DATASET EXTRACT:
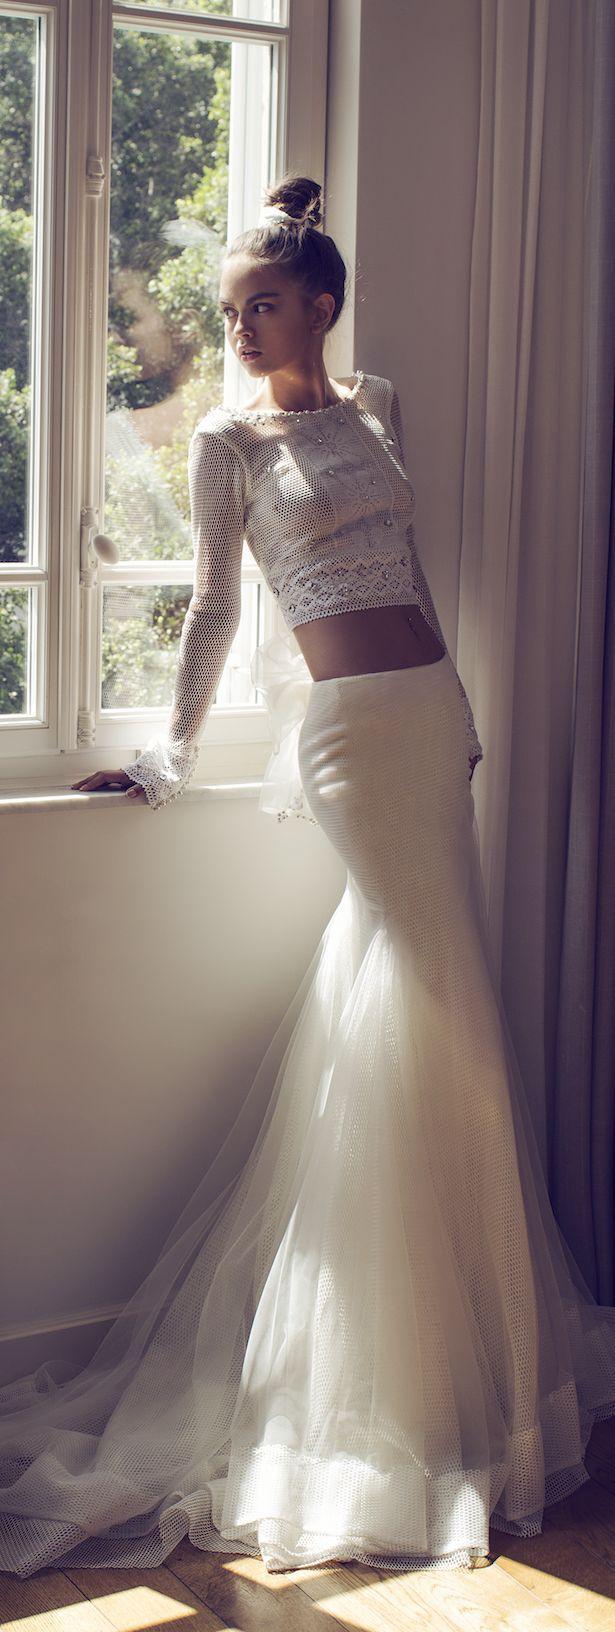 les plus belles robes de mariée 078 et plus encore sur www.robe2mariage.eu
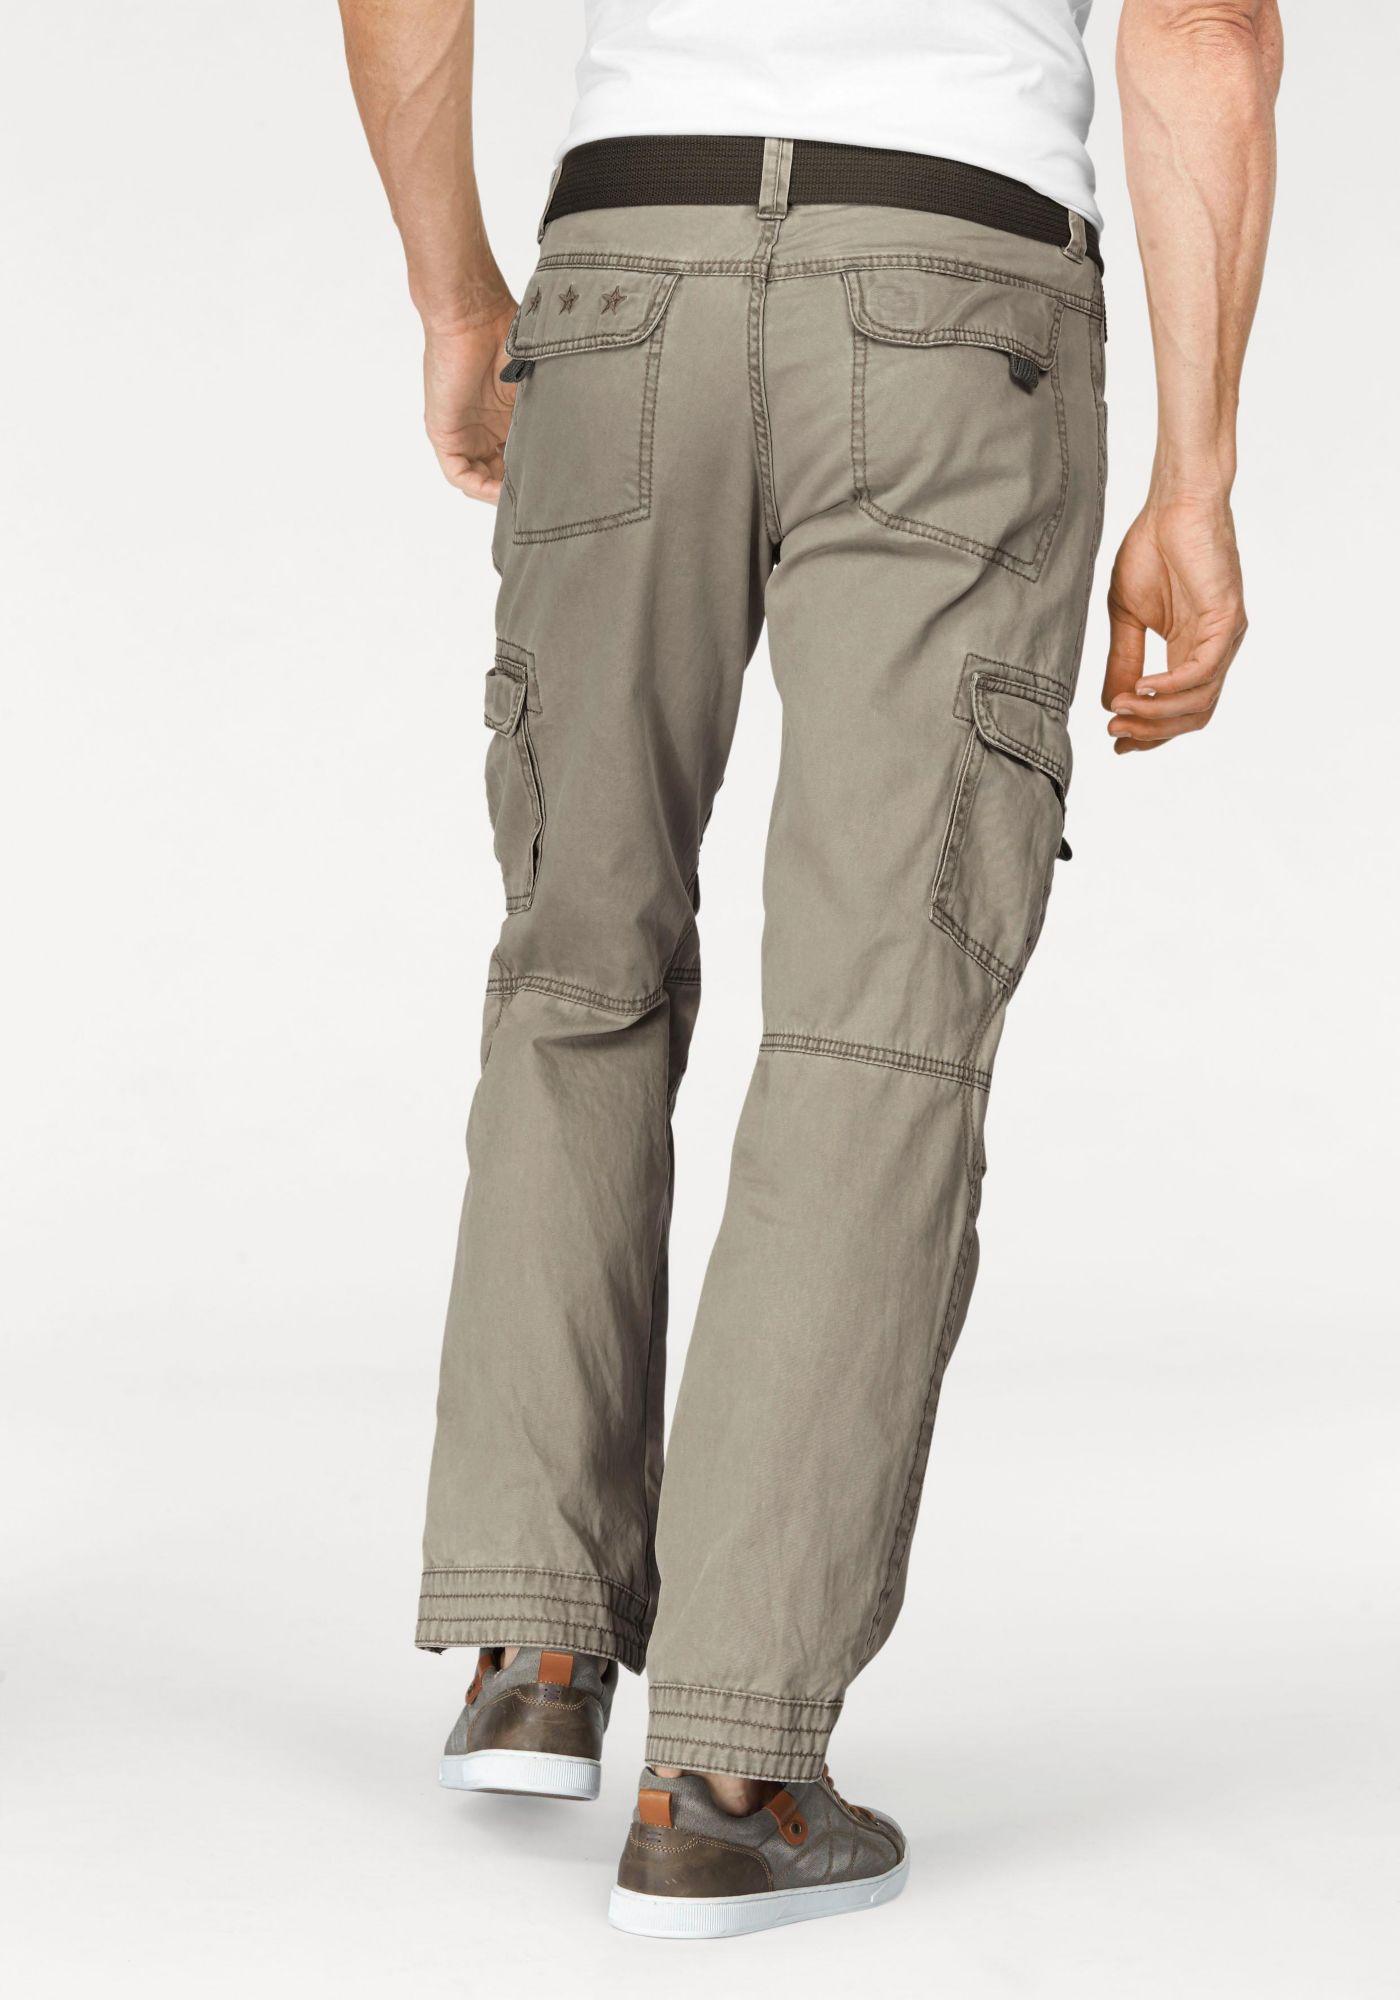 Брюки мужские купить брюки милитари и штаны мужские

==

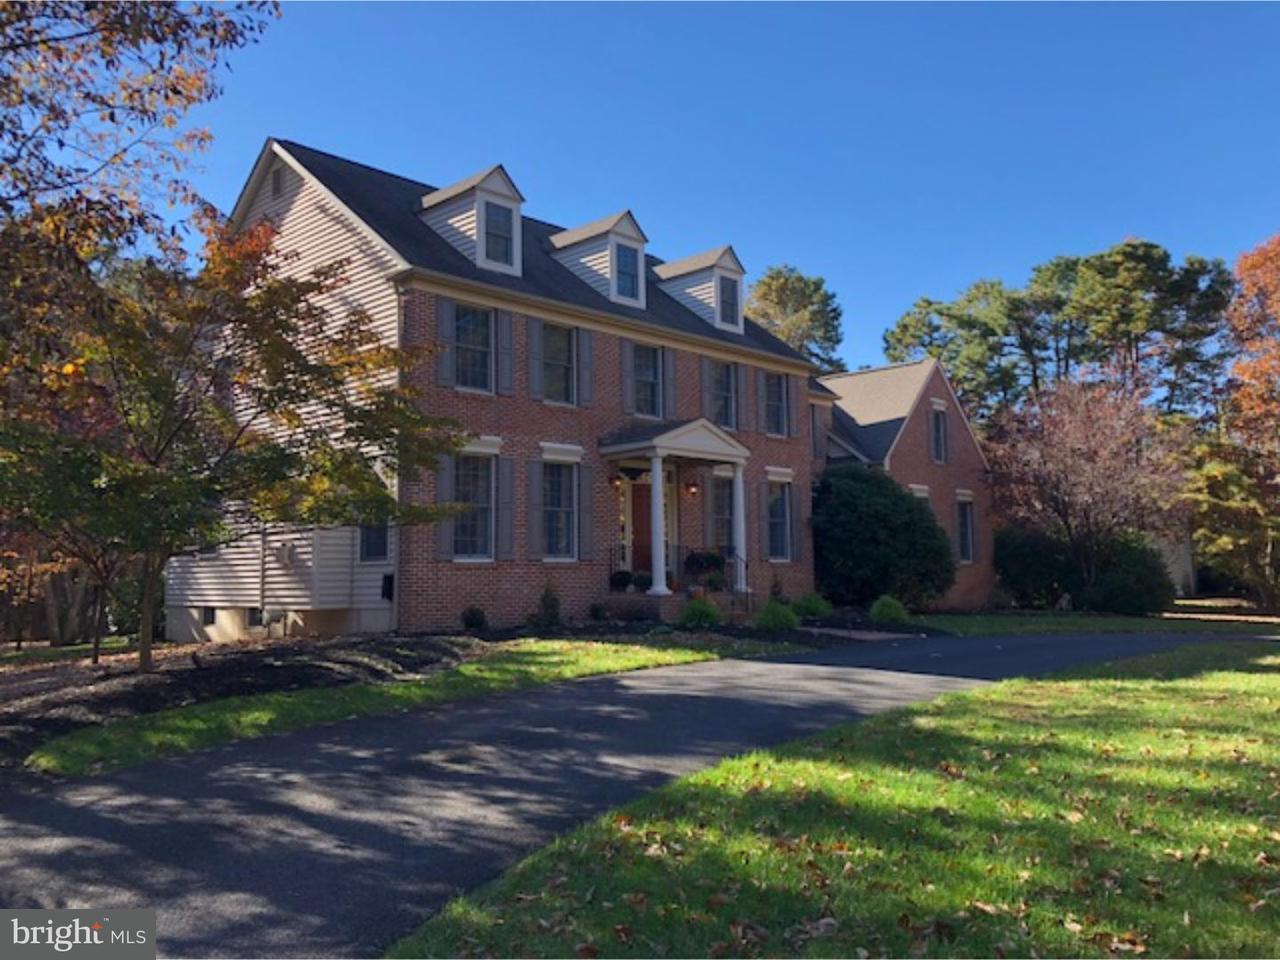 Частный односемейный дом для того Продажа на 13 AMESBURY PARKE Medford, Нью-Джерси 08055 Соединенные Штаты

WHAT TO WORK ON:
A clean copy is needed of the lines above from the one with "les plus belles" up to and including the one with "Брюки мужские купить". Please set it down exactly, with no pictures.

RESPONSE AREA:
 les plus belles robes de mariée 078 et plus encore sur www.robe2mariage.eu
 Брюки мужские купить брюки милитари и штаны мужские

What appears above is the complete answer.